## What is being asked
Could you retype exactly the line containing "diagram using the numbering method, then" and every line after it in the data below, leaving out the pictures?

═════ Information provided

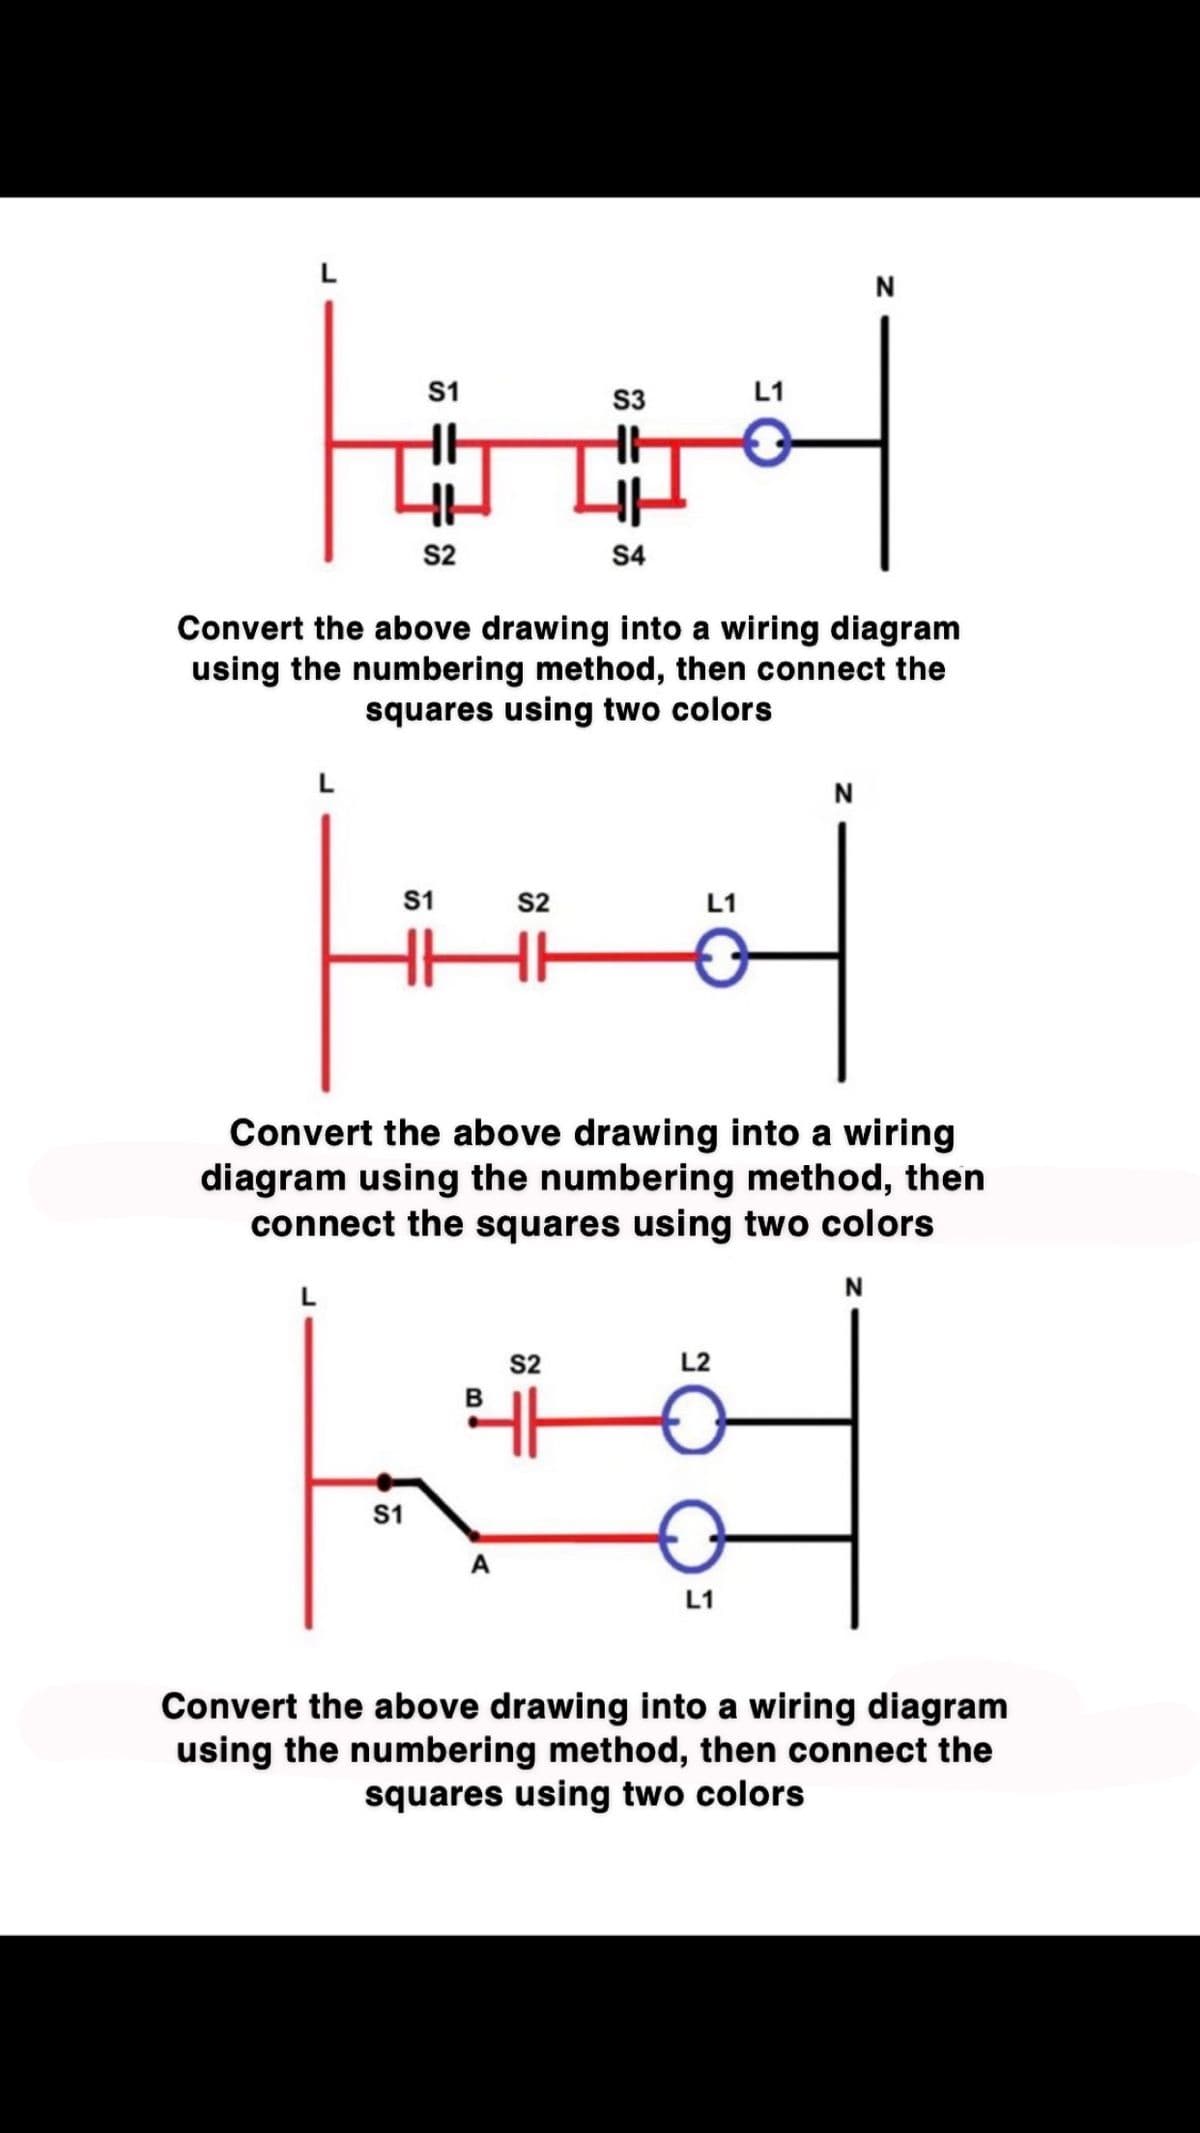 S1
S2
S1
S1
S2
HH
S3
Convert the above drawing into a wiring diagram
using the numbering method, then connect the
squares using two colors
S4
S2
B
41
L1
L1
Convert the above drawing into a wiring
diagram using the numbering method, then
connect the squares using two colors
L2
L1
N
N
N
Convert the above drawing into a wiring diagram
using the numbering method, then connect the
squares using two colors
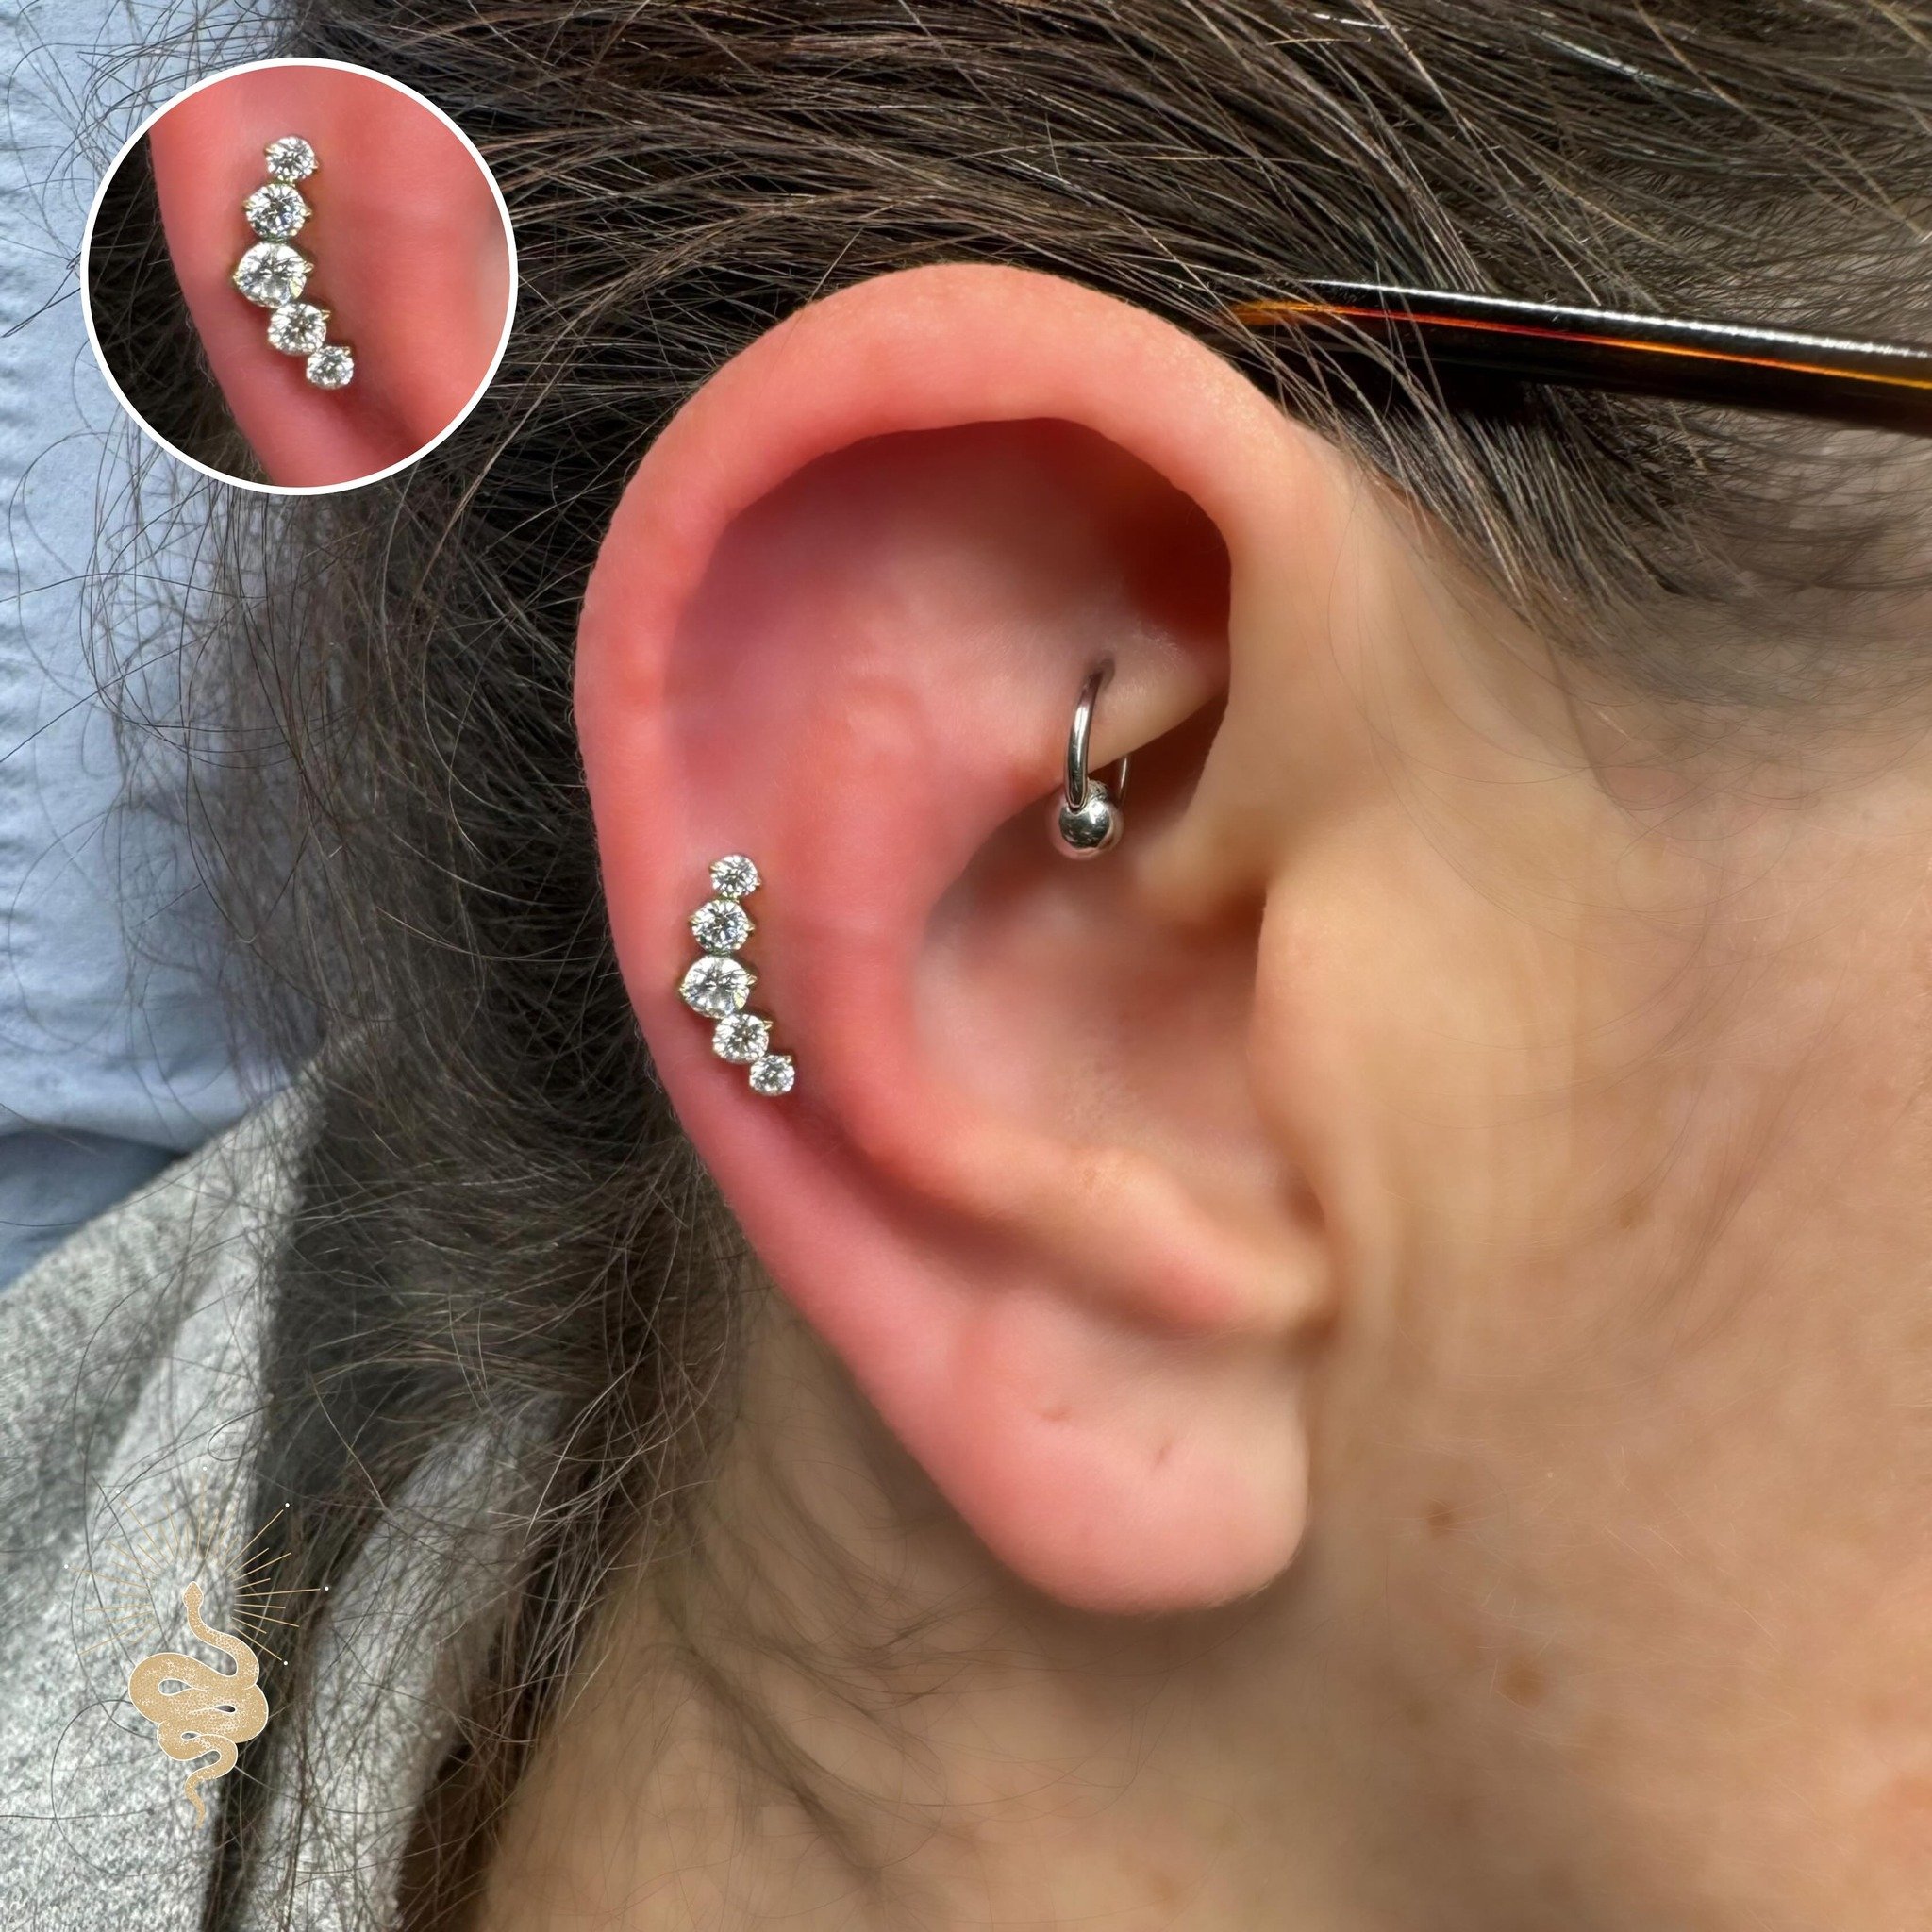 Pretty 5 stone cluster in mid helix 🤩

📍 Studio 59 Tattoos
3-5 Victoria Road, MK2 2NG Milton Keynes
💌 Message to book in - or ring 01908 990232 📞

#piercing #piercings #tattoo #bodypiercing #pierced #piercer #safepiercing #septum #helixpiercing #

══════════

## Response area
diagram using the numbering method, then
connect the squares using two colors
L2
L1
N
N
N
Convert the above drawing into a wiring diagram
using the numbering method, then connect the
squares using two colors
 Pretty 5 stone cluster in mid helix 🤩

📍 Studio 59 Tattoos
3-5 Victoria Road, MK2 2NG Milton Keynes
💌 Message to book in - or ring 01908 990232 📞

#piercing #piercings #tattoo #bodypiercing #pierced #piercer #safepiercing #septum #helixpiercing #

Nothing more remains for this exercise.